Memory poisoning is an attack where adversarial content is injected into an AI agent's persistent memory stores — vector databases, episodic memory, or cached context — causing the agent to reference and act on false or malicious information in future interactions, often long after the initial compromise.

What Is Memory Poisoning?

Most capable AI agents maintain some form of persistent memory: a vector database of past interactions, a retrieval store for relevant documents, cached summaries of previous tasks. This memory lets agents accumulate context, personalize responses, and improve performance over time.

It also creates a durable attack surface.

Memory poisoning works like this: an attacker finds a way to insert content into the agent's memory — through direct interaction, through a document the agent processes, through a message in a shared channel. That content is stored and later retrieved when the agent encounters related queries or tasks. The poisoned memory then influences the agent's future behavior, potentially for every subsequent user in that system.

The critical property that distinguishes memory poisoning from standard prompt injection: persistence. A prompt injection attack affects a single interaction. A memory poisoning attack can propagate across hundreds or thousands of future interactions, by multiple users, without any further action from the attacker.

Attack Vectors

Direct injection via user input. In a multi-user agent system, one user submits content designed to be stored as memory. When other users later query the agent on related topics, the poisoned memory is retrieved and included in context.

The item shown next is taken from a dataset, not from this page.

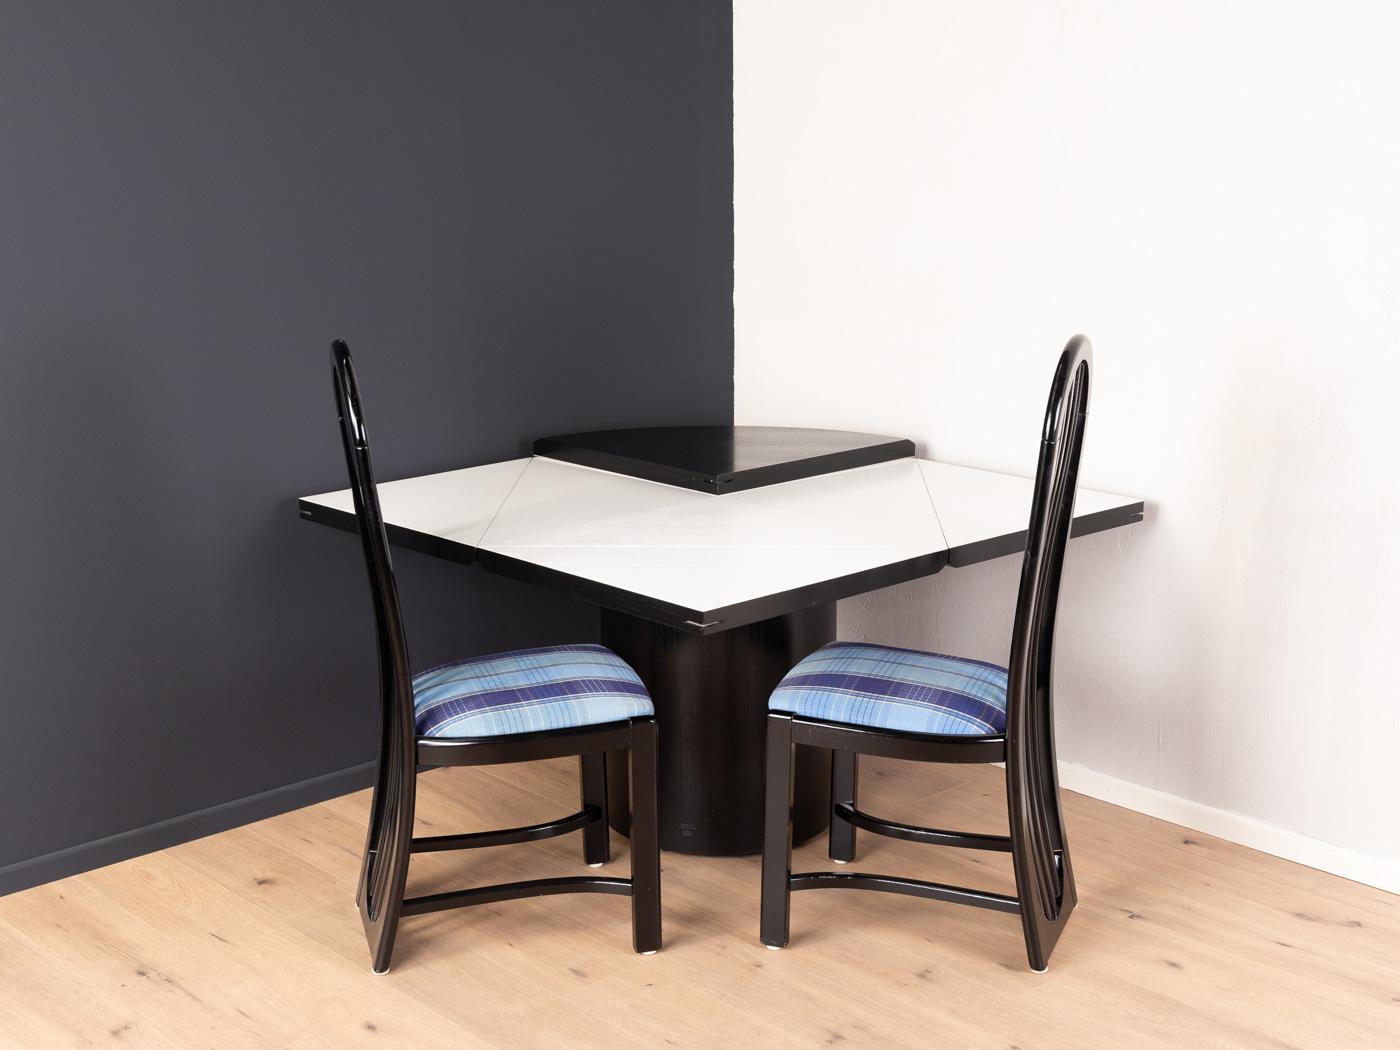 Quadrondo dining table from the 1980s by Erwin Nagel for Rosenthal Einrichtung. High-quality construction consisting of a round base and a table top in black stained ash veneer. By unfolding each quarter, the round table top can be converted into a

Indirect injection via document processing. An agent that reads and indexes documents for a RAG (Retrieval-Augmented Generation) system can be poisoned by any document it processes. An attacker who can influence which documents the agent reads — by getting a document indexed, submitting a form that gets stored, or placing content on a web page the agent scrapes — can inject into the memory store.

Cross-session poisoning. In systems where agents retain memory across sessions, poisoning in one session affects all future sessions. If the agent remembers "User X's organization's GitHub org is github.com/attacker-controlled," every future operation that relies on that memory is compromised.

The MINJA Research

The MINJA (Memory INJection Attack) research (2026) demonstrated that in multi-user LLM agent systems, a single poisoned memory entry could influence responses to unrelated queries for all future users. The attack used semantic similarity — ensuring the malicious memory entry would be retrieved whenever users asked about broadly related topics.

Key finding: standard retrieval mechanisms (cosine similarity over embeddings) don't distinguish between legitimate memories and adversarially crafted ones. The poisoned entry looked, to the retrieval system, like a high-quality relevant result.

Why It's Underappreciated

Memory poisoning gets less attention than prompt injection because it's less visible. A successful prompt injection produces an immediate, observable effect. A successful memory poisoning attack sits dormant, influencing behavior gradually, and is much harder to attribute.

In production systems running at scale — where agents process thousands of documents per day and serve thousands of users — detecting that a specific memory entry is causing problems may require months of investigation, if it's detected at all.

Defense

Memory validation. Before storing content in persistent memory, apply validation checks. Don't store verbatim content from untrusted sources — summarize, extract structured fields, or apply a secondary review before persistence.

Memory isolation. User A's memory should not be retrievable by User B. In multi-user systems, namespace memory by user identity and enforce strict retrieval boundaries.

Memory TTL and pruning. Persistent memory shouldn't be truly permanent. Implement time-to-live policies and periodic auditing of stored memory contents.

Source tracking. Know where each memory entry came from. If a memory entry was sourced from an untrusted document or an unverified external source, mark it accordingly and treat it as lower-trust in downstream reasoning.

FAQ

Is memory poisoning the same as data poisoning in ML? Related but different. ML data poisoning attacks corrupt a model's training data to influence its learned behavior. Memory poisoning attacks corrupt an agent's operational memory — the external stores it queries at runtime. You don't need to retrain the model; you only need to insert one malicious entry into the retrieval store.

Does this affect all RAG systems? Yes. Any system that retrieves external content and includes it in an LLM's context window is potentially vulnerable to poisoning of that content store.

How quickly can poisoned memory be propagated? In systems that retrieve memories based on semantic similarity, a single well-crafted poisoned entry can affect responses to broad topic areas immediately after insertion, for all users who query related topics.